Tank Gas Management ... a new approach

**pat w** · 10-24-2010, 11:56 PM

Edit: Design updated and more detailed writeup in Post #18

I've been following two topics of late; the discussion begun by Tom on the gas concentration differences between canister system and wet/dry systems and their relative characteristics regarding O2:CO2 ratios, and the regrettable news about Gerry gassing a large number of his fish due to an understandable mistake. These and general nagging concerns of my own over the “gas” balance in my own tank prompted this exercise.

First let me state that this is by no means a condemnation of the methods currently in use in planted tank gas management.
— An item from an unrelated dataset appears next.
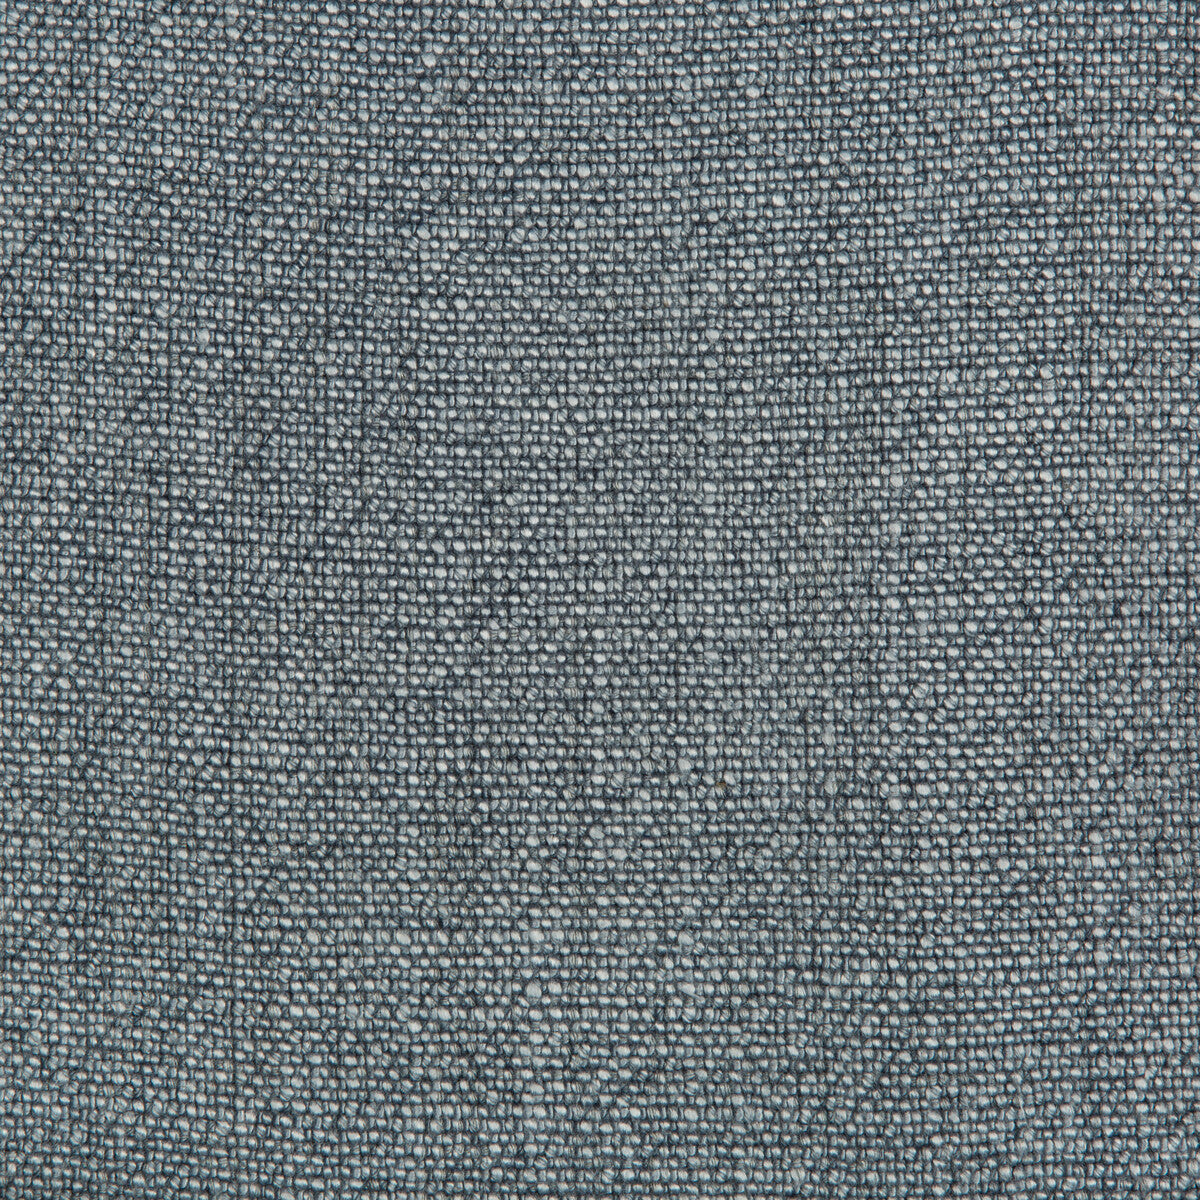 Kravet Basics fabric in 35189-511 color - pattern 35189.511.0 - by Kravet Basics

It is however an attempt to add to the current dialog and explore possible improvements and perhaps a new direction.

I've always felt the the meticulous metering of CO2 was a possibly weak aspect of the hobby. The very length of the Dual Stage Regulator topic is testament to the attention this particular area attracts. The topic is littered with very creative methods of achieving levels of control that would not otherwise be available without the outlay of large sums of money. The fact that the normal cost would be out of the reach of the average person says to me that the difficulty of metering gas into our tanks with the level of control needed is prohibitively complex and perhaps a new approach may be indicated. In searching for a better method I explored rotometers as perhaps a better way. There was some promise, but the meters which would give control and feedback at the very low flow levels were again too costly.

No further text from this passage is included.